AWESOME NEW ADDITION
5
Rating: 5,
Useful: 4 / 4
Date: March 29, 2007
Author: Amazon User
I'm not sure why this update of Stronghold Crusader has gotten such poor ratings. I'm playing it on an Anthlon 2200 1.8 GHZ computer with 700 something mb of ram with a Radeon Video card with 256 MB and it plays fine. I've had NO issues what so ever. The grapics are INCREDIBLE compared to the older version of Stronghold Crusader. There is no comparison. I've spent hours upon hours building different castles. In the freebuild mode I can add just about anything to the landscape including waterfalls, ponds, animals and vegetation. I can add any color I want to the ground and create cliffs and mountains. Much more than the old game.

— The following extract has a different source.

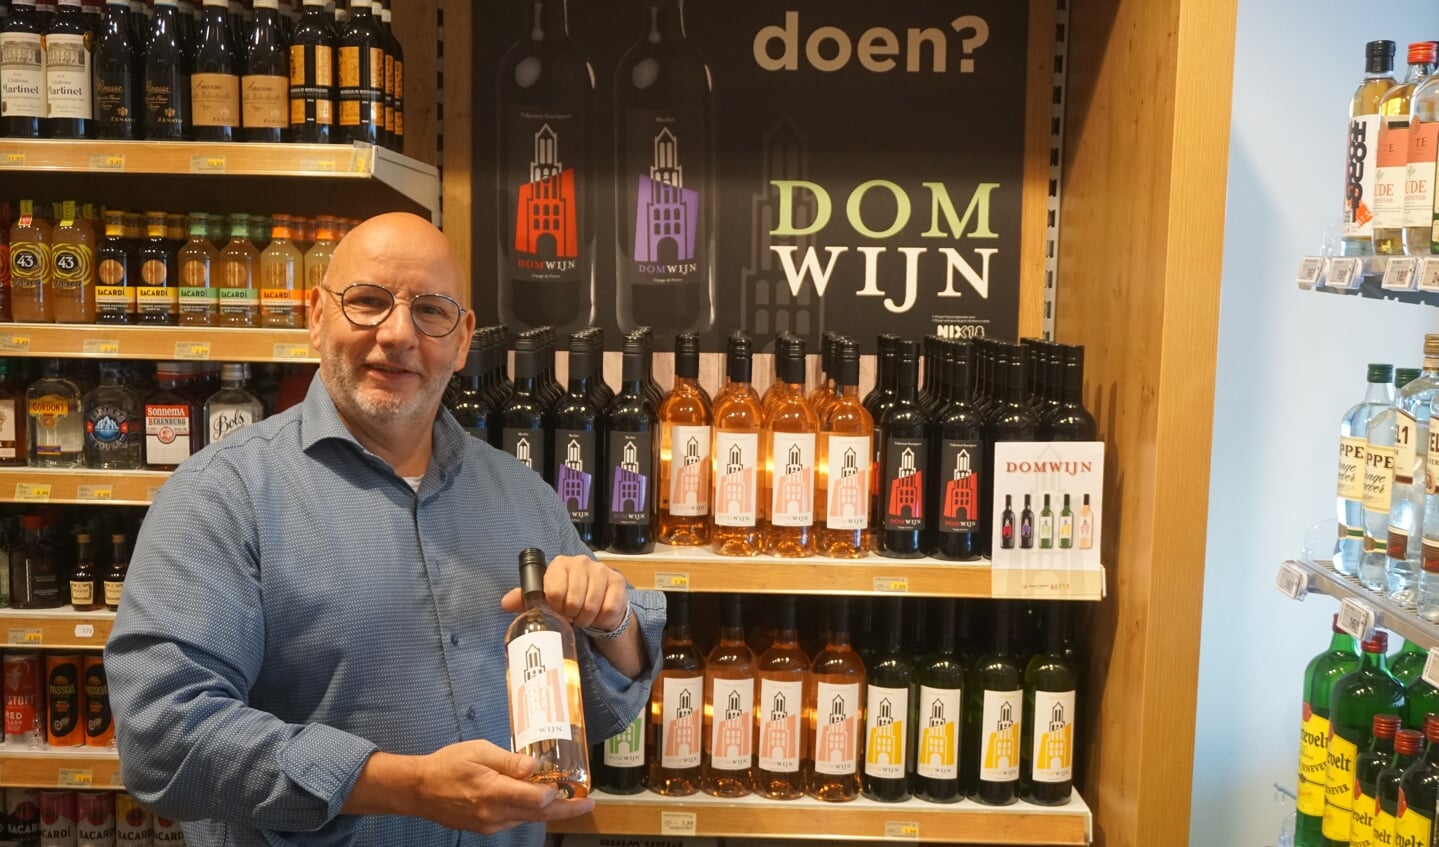 Christ van Loon: "Gek op Utrecht, dus we drinken Domwijn."

I also like the rat, gong and crime factors as that adds an extra element of excitement. Then, along with the addition of the Lords kitchen and the feasts and things, it is over the top. It's extremely rewarding to see the Lords kitchen fill up with barrels of wine, vegetable baskets, pigs, eel plates and geese. I really get a kick out of the pig and sheep farms as well. It's funny to watch the fat little sheep run around eating everything in site. The colors are also fantastic. So much better than the traditional light brown 'clay' color of the old game.
The only thing that I dont like compared to the last series is how the buildings crumble into nothing. At least in the first edition it would leave something that looked like ruins, but that is very minor. Also I dont like the workers houses. They look like little ugly mushrooms. I'd rather them look like colonial houses if anything at all.
As goofy as it sounds, I like just watching the granary fill up with food as the little workers deliver apples, cheese and bread. Kewl!
Such a great improvement over the antiquated original!!!